In 1996 Martignon started in earnest a dedicated solo career, performing in music festivals, theaters, clubs and colleges worldwide, releasing in 1997 a first of six albums as a leader, Portrait in White and Black (John Storm Roberts, Latin Jazz, ISBN 0-02864681-9, page 242) featuring Barretto and Donny McCaslin. Two later albums, Refugee (2007) and Second Chance (2010) were each nominated for a Grammy Award. The Big Band Theory, a big band-plus-strings formatted album with all arrangements and six compositions written by Martignon, was listed as one of Downbeat Magazine’s 'Best Albums of 2016'. In it Martignon displays his Jazz prowess alongside a Classical perspective in orchestration, combining original strings with modern brass and woodwind harmonies and Afro Cuban rhythmics in Bach's Aria Erbarme dich, from the St Matheus Passion.

==Film and theater==
Martignon wrote the scores for one feature film, Septimo Cielo, a short for HBO, From Dusk till Dawn and for two plays for Repertorio Español in New York, Ana en el Trópico and award-winning Cita a Ciegas. He performed all piano parts for Eat Drink Man Woman, an Oscar-nominated film by Ang Lee, arranging and producing some of the cuts. His Broadway experience as pianist, arranger, assistant director and musical director is extensive and includes productions such as The Capeman, Chronicle of a Death Foretold at Lincoln Center, The Mambo Kings and Selena Forever. Between 2018 and 2019, Martignon toured 10 cities in Cuba, Europe and China as musical director and pianist of the Cuban Musical Carmen la Cubana, written and directed by British director Christopher Renshaw based on Bizet's opera Carmen.

==Teaching==
Alongside his performing career, Martignon has been actively engaged in the musical training of young generations, teaching Jazz Composition at the Hochschule für Musik und Theater München, and at the Ludwigsburg University of Education, in Germany. In 2017 Martignon was the piano instructor at the yearly Jazz is Back Summer Festival in Groznjan, Croatia. He has conducted master classes at Berklee College of Music, the Sunderman Conservatory at Gettysburg College; the Geneva Conservatory; EJMA, the Jazz department of the Lausanne Conservatory, in Switzerland; and at Tokyo University.
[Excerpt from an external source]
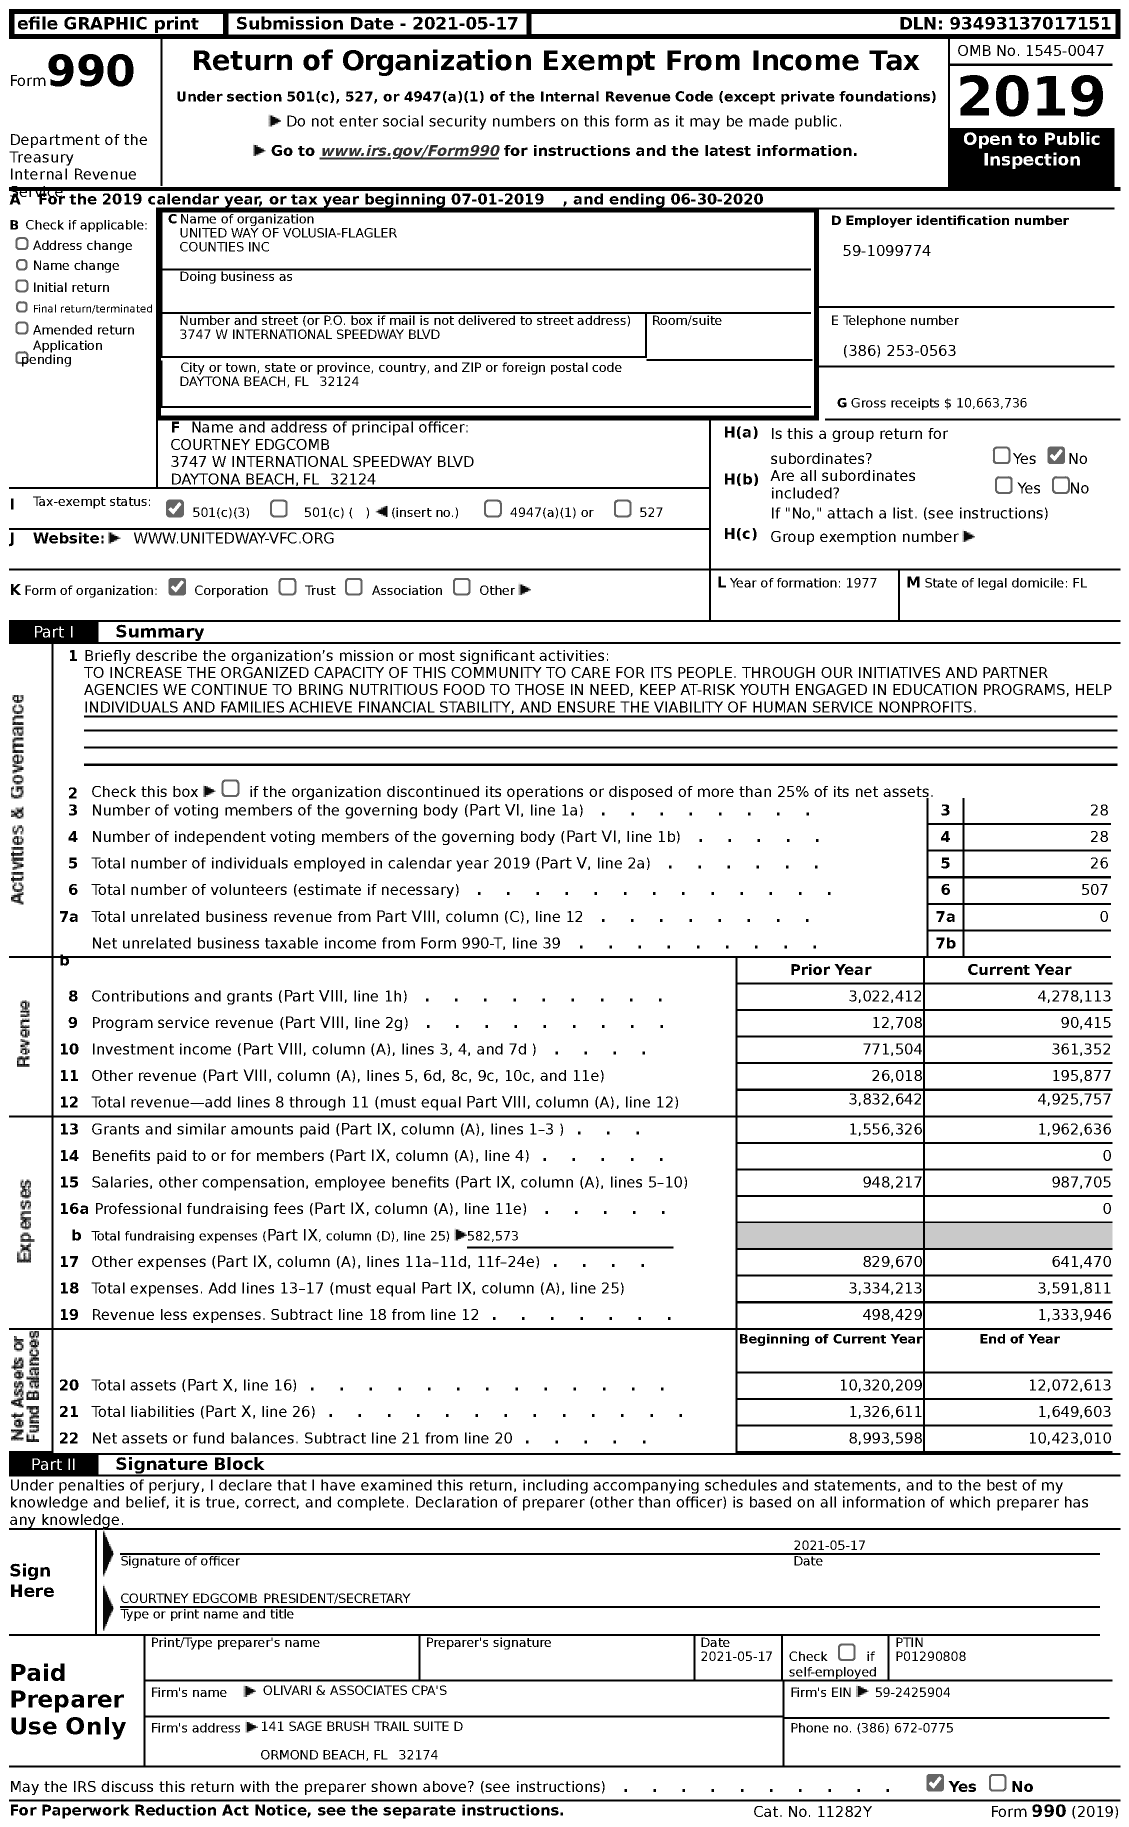 Image of first page of 2019 Form 990 for United Way of Volusia-Flagler Counties

Since January 2020 he teaches theory, history and Jazz composition at the department of music at Hofstra University.

==Publications==
Martignon wrote the Salsa Piano Book, commissioned and published by Hal Leonard. Apart from his own albums, he was commissioned to write liner notes for releases by Chris Bergson, Eddie Martinez, Nelson Riveros and Andrés Cuadros de Bejar.

==Discography==
===As a leader===
- Portrait in White and Black (Candid, 1996)
- The Foreign Affair (Candid, 1998)
- Refugee (Zoho Music, 2007)
- Live at Birdland (GMN, 2008)'
- Second Chance (Zoho Music, 2010)
- The Big Band Theory (Zoho Music, 2016)

===As a co-leader===
- Burgstaller-Martignon-4 Mozart’s Blue Fantasies (Summit, 2009)
- Burgstaller-Martignon-4 Bach’s Secret Files (Summit, 2011)

===As sideman===
As: pianist (p), composer (c), arranger (a), orchestrator (o), producer (pr)
- Mikis Theodorakis, Canto General (1980; p)
- Sunrise Orchestra, Malata Suite (1986; p)
- Conexión Latina, Un Poco Loco (1986; p)
- Irazu, Mambo Inn (1991; p, c)
- Ray Barretto, Handprints (1991; p, c)
- Ray Barretto, Ancestral Messages (1992; p, c, a)
- Ray Barretto, Soy Dichoso (1992; p)
- Angelo Y su Tumbao Moderno, Extasis y Dolor (1993; p, c, a, pr)
- Ang Lee, Eat, Dream, Man, Woman (1994; p, a, pr)
- Ray Barretto, Taboo (1994; p, c, a)
- Lucia Pulido, Lucia (1995; p, a, pr)
- Ray Barretto, My Summertime (1995, p, c, a)
- Descarga Boricua, Abrázate (1996; p)
- Gabriela Anders, Fantasía (1996; p, a)
- Cruz Control, Cruz Control (1997; a)
- Paul Simon, The Capeman, the Cast Album (1997; p, a)
- Gabriela Anders, Wanting (1998; a)
- Luis Bonilla, Escucha (2000; p, c)
- Monday Michiru, 4 Seasons (2000; p)
- Don Byron, You are #6 (2001; p)
- Paul Peress, Awakening (2002; p, a)
- Gabriela Anders, Ecléctica (2003; p, a)
- Yerba Buena (band), President Alien, (2003, accordion)
- Gabriela Anders, Latina (2004; p, a)
- Vitaly Osmaçko, Russian Philharmonic Orchestra, Svetloba V ZIitu (2004; p, a, o)
- Julia Dollison, Observatory (2005, c)
- Samuel Torres, Skin Tones (2006, p, c)
- Gabriela Anders, Bossa Beleza (2008, p, a, pr)
- Willie Martinez y La Familia, After Winter, Spring (2008, a)
- Johnny Ray, El De La Rumba Soy Yo (2008, accordion)
- Eddie Allen, Salongo (2008; p)
- Chembo Corniel, Things I Wanted To Do (2009, a, c)
- Juan Garcia-Herreros ’Snow Owl’ The Art of The Contrabass Guitar (2010; p)
- Nelson Riveros, Camino al Barrio (2010; p, c, a, pr)
- Silvestre Martínez, Heritage (2010; p, a)
- Candido, Hands of Fire (2011; p)
- Birdland Big Band, Eleven (2011; p)
- Steffen Kuehn, Constantine (2011; p)
- Chicago (band) and New York Latin All Stars, Éxitos (2012; p)
- Roberto Santamaria, Fiesta al Jazz (2013; p, a)
- Juan Garcia-Herreros ’Snow Owl’ Normas (2013; p)
- Antonio Cuadros de Bejar, Color Americano (2014; p, a)
- Kotoe Suzuki, Kotoe (2017; p, pr)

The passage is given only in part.